Reduce, tra le altre, da mostre di respiro internazionale (
Sound Zero a Merano e la personale da Freight+Volume a New York),
Laurina Paperina (Rovereto, 1980) prosegue con il suo nuovo filone comico-splatter. Dopo gli artisti che periscono delle loro stesse manie, tocca adesso a vari personaggi dell’immaginario pop soccombere sotto i morsi del suo vorace cervello da zombie. Si tratta di un caustico video animato, introdotto da un murales in cui la materia cerebrale, fuoriuscendo dal cranio dell’artista, si sviluppa tridimensionalmente su una casetta in legno. All’interno avviene la visione dell’animazione. Gli scricchiolii provocati muovendosi sul legno richiamano un topos dei film horror, genere a cui questa opera facetamente si riferisce. Lo stesso titolo,
Brain Dead, è un omaggio all’omonimo film di
Peter Jackson, un cult della commedia horror-splatter.
Sullo schermo, il saltellante cervello di Paperina si muove azzannando diversi personaggi appartenenti all’immaginario di massa, mostrandoci anche le loro rispettive manie. Come al solito, è la dimensione del gioco (auto)canzonatorio la base su cui svolge la sua poetica, dove è evidente il contrasto fra lo stile infantile e un contenuto così spudoratamente violento.
In tal modo, crea il cortocircuito che annulla l’orrore per le azioni rappresentate e, miscelandole con frasi e musichette allusive, ottiene un risultato ironico e divertente. Un contrasto che si allinea alla concezione posta in atto dai “contro-cartoon” (South Park, per fare un solo esempio), dai quali però il suo lavoro si smarca per la mancanza di qualsivoglia intento satirico e morale. Il suo cervello rosa fa a pezzi, infettandoli, i puffi e Homer Simpson, così come Paris Hilton e due icone contrapposte come Osama Bin Laden e George W. Bush.

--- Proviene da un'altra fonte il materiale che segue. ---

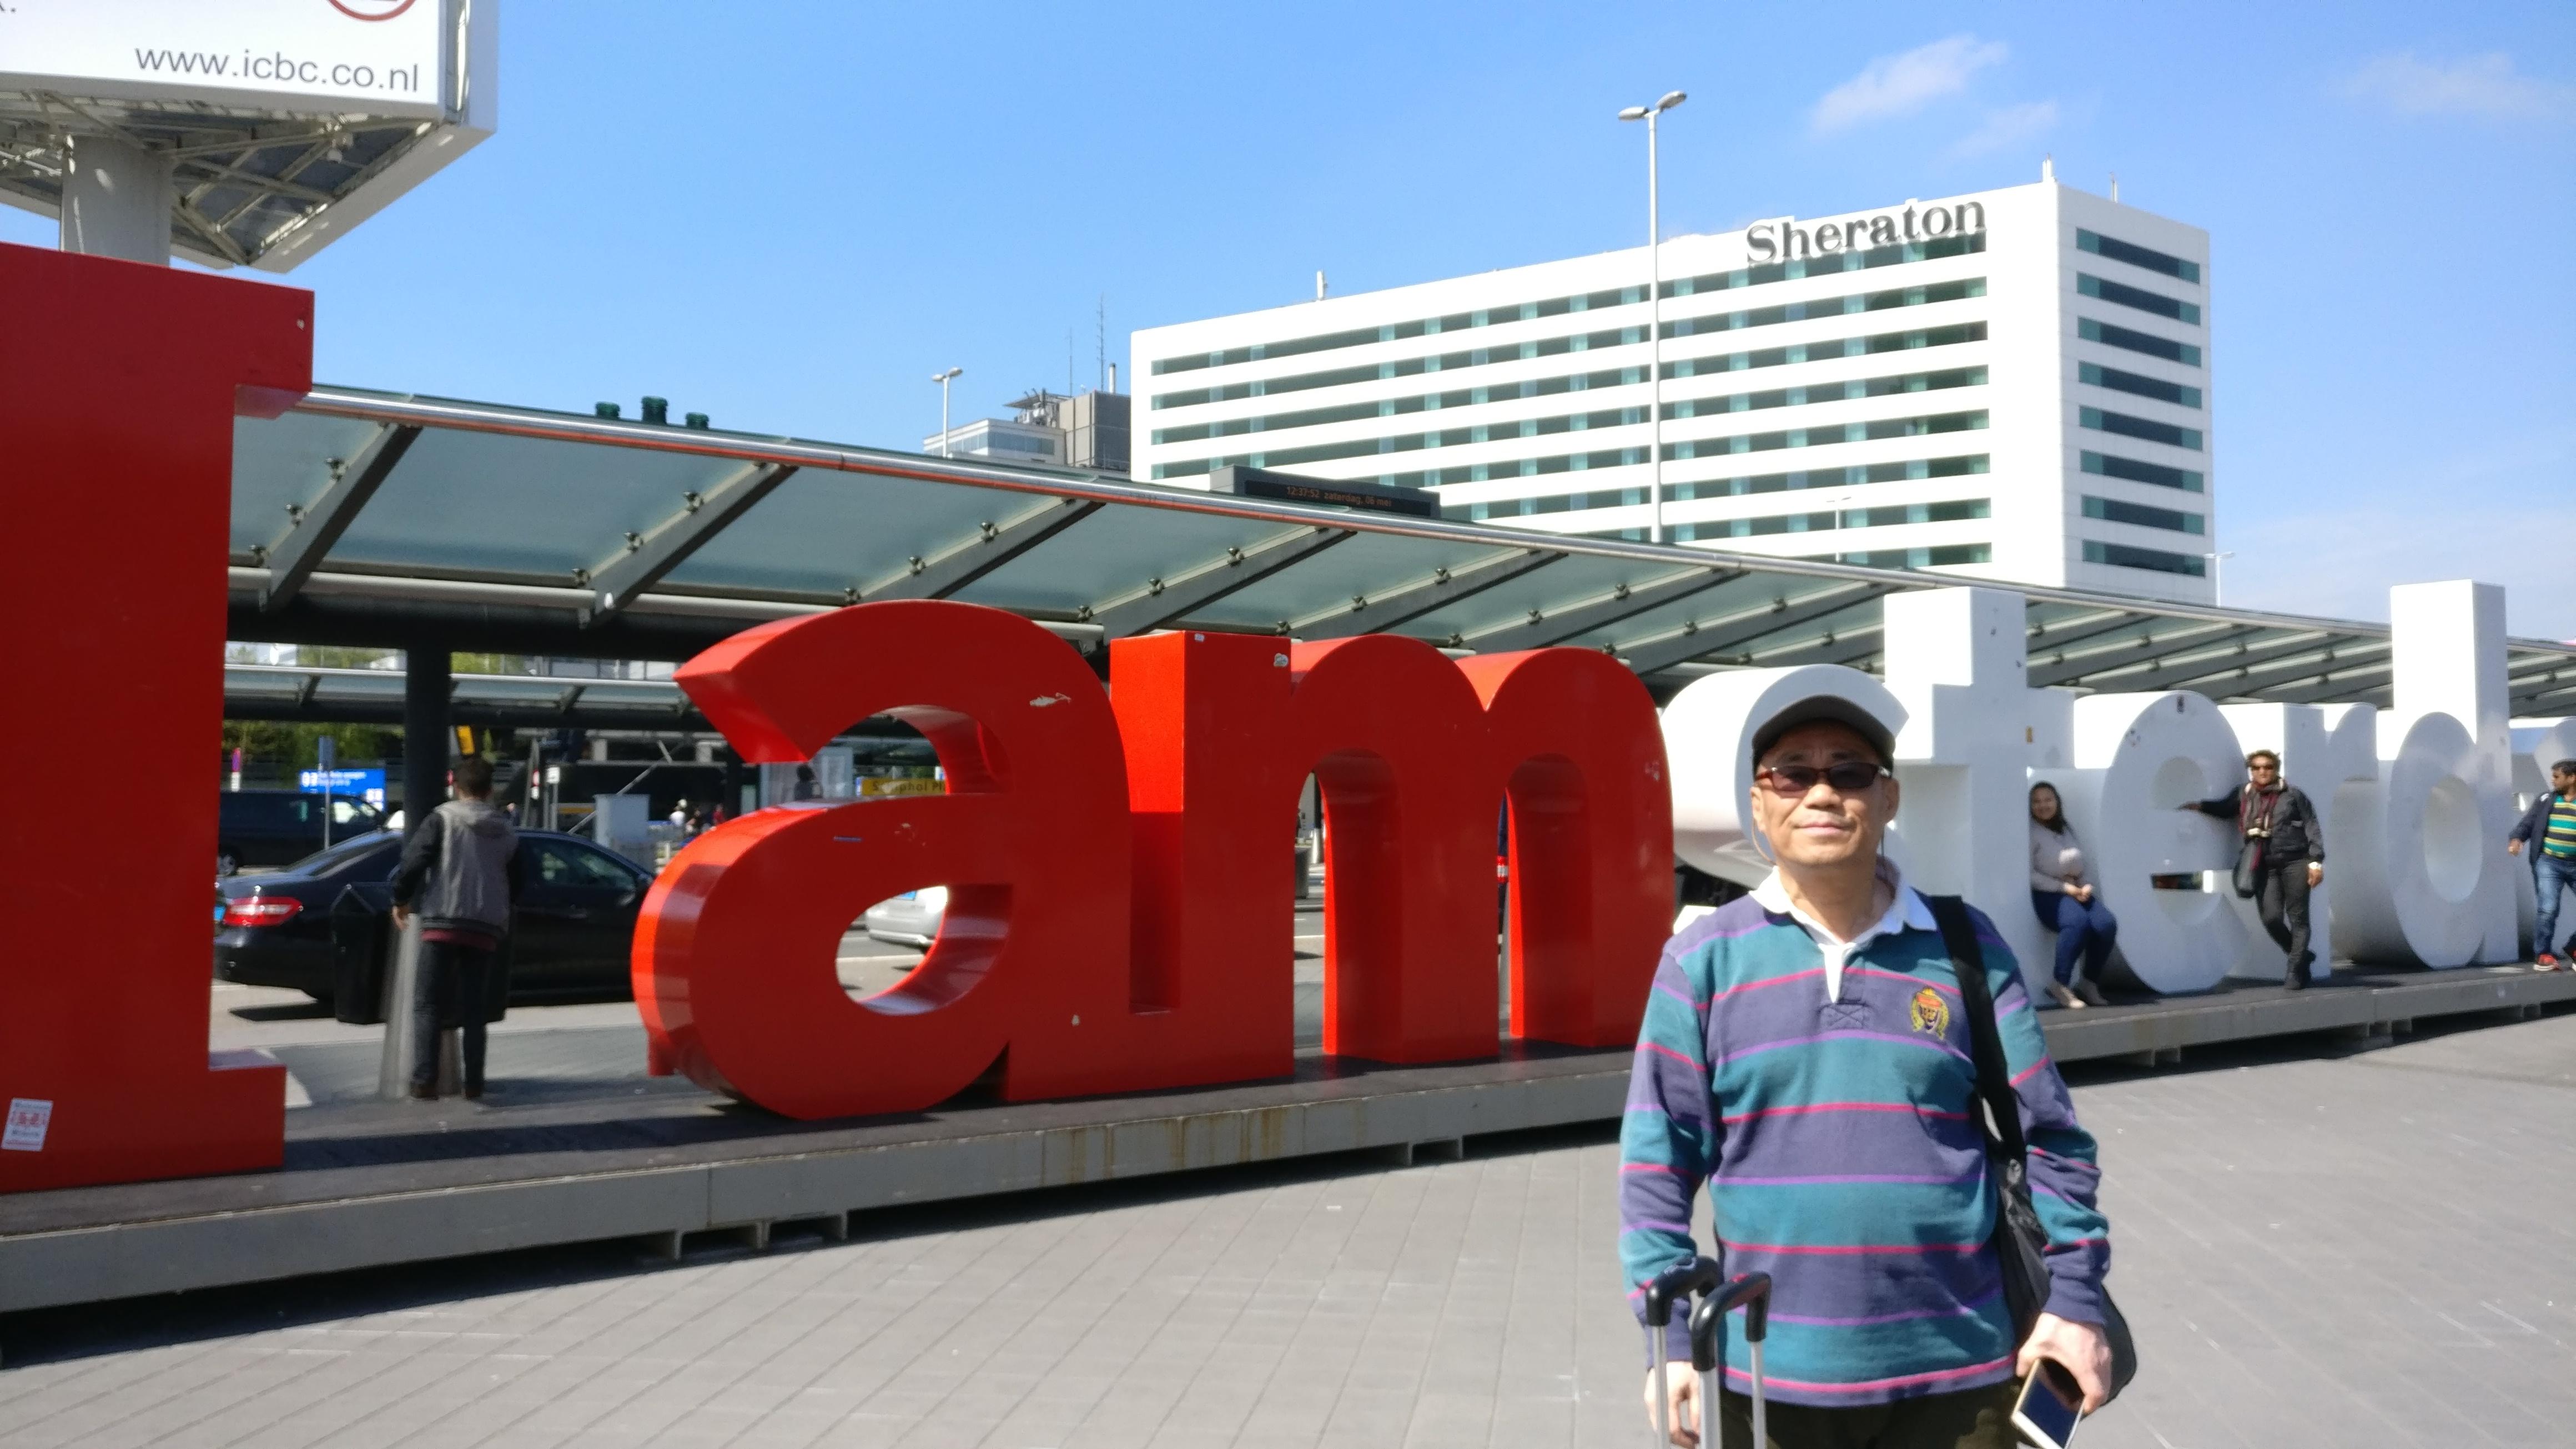 5月6日 |  到阿姆斯特丹了

Damiano Nava (Brescia, 1982) è invece un emergente a tutti gli effetti. Espone un polittico fotografico composto da cinque scatti, che con altri lavori presenti in galleria è raccolto sotto il titolo
Closeness. Tra l’artista e i personaggi ritratti esiste un legame che va al di là del rapporto fotografo-modello: come in
Nan Goldin o in
Wolfgang Tillmans, le opere scaturiscono da una relazione esistenziale paritaria. Evita le qualità formali caratterizzanti certa fotografia di matrice pittoricista, per avvicinarsi invece più all’istantanea come testimonianza di legami emotivi. Proprio come nell’album di famiglia, che raccoglie le immagini dei parenti, degli amici, degli amanti.
Alcune di queste fotografie si avvicinano alla pornografia, ma è una pornografia affrancata dal cliché rock della trasgressione sessuale di un
Terry Richardson, trattando invece il sesso con lo spirito più lieve, proprio della sua generazione.